Relevant to this claim, provisions provide that appeals of claims up to $500.00
are made to, reviewed and decided by the facility superintendent (7 NYCRR
1700.3[b]), while appeals of claims exceeding $500.00 are forwarded to the
central office for review (7 NYCRR 1700.3[b]). Furthermore, once the
appropriate appeal is taken and decided, no further administrative review is
available, and the only remaining option is an action in the Court of Claims (7
In this claim, the claim filed by claimant for the loss of his personal
property was admittedly less than $500.00, and therefore pursuant to 7 NYCRR
1700.3(b)(1), his appeal process was exhausted once the facility superintendent
had denied his appeal. At the latest, claimant received notice of this denial
by March 3, 2001, the date of his letter to Charles Devane at the central office
(see Exhibit C), in which he incorrectly sought a further appeal of the
superintendent's decision. Accordingly, pursuant to Court of Claims Act, §
10(9), claimant had 120 days from this date to serve and file his claim.
According to the calculations made by this Court, this claim had to be served
and filed no later than Monday, July 2, 2001.

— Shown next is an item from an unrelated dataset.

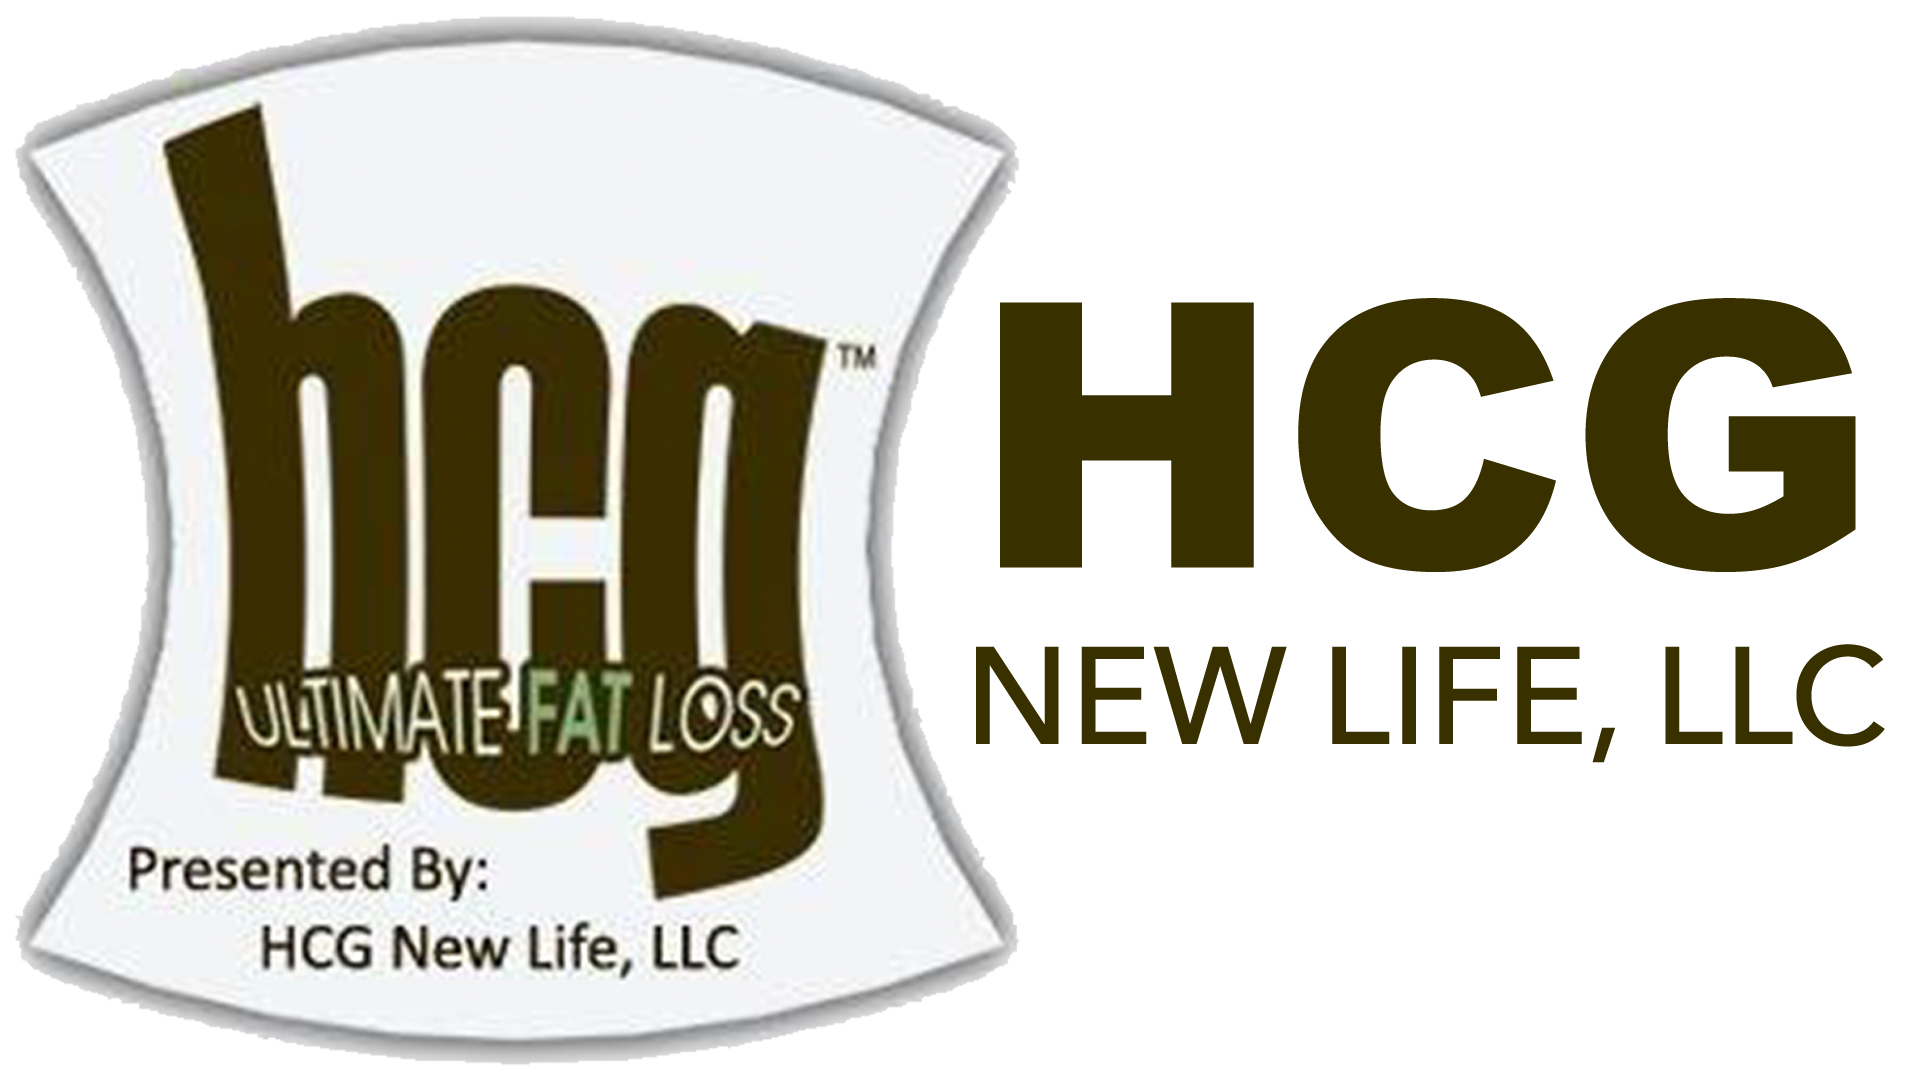 HCG New Life, LLC

Since the claim in this instance was not filed until August 13, 2001, and was
not served until August 15, 2001, both the service and filing occurred beyond
the time frames set forth in § 10(9), and must therefore be found untimely.
The service and filing requirements of the Court of Claims Act are
jurisdictional prerequisites to the institution and maintenance of a claim
against the State, and as such must be strictly construed (Finnerty v New
York State Thruway Authority, 75 NY2d 721; Byrne v State of New York,
104 AD2d 782, lv denied 64 NY2d 607). This claim, therefore, must be
dismissed based upon the untimely service and filing of the claim.
In his response to this motion, claimant has requested this Court to grant him
some latitude in complying with the statutory and regulatory directives, since
he is a pro se litigant. While this Court is willing to permit some
liberty in the presentation of pro se claims, such latitude cannot be
extended to excuse compliance with those very statutes which expressly confer
jurisdiction on this Court to entertain such claims.
Claimant further contends that the 120 day period for filing and serving his
claim should be measured not from the denial of his appeal by the facility
superintendent, but rather from April 13, 2001, the date he received the letter
from Frank R. Headley denying his attempted further appeal to the central office
(see Exhibit D).
The regulations set forth in
§ 1700.3 of Title 7 of the Codes, Rules and Regulations, however,
explicitly establish a separate and distinct appeal process, depending on
whether a claim seeks damages up to $500.00, or exceeds that amount.
Additionally, the interdepartmental memorandum from Superintendent Senkowski
(see Attachment to Exhibit A) specifically advised claimant that he had the
right to file a claim with the Court of Claims, and made no suggestion or
directive that claimant should attempt to pursue any administrative remedy to
the central office, or that any further administrative appeal was available.
The remedies available to claimant, therefore, were accurately portrayed.
Accordingly, since the Court does not have the authority to waive jurisdictional
mandates, the provisions of Court of Claims Act, § 10(9) and Title 7
of the Codes, Rules and Regulations, Part 1700, must be strictly construed.
This claim must therefore be dismissed.
Based on the foregoing, it is
ORDERED, that Motion No. M-64015 is hereby GRANTED; and it is further
ORDERED, that Claim No. 104717 is hereby DISMISSED.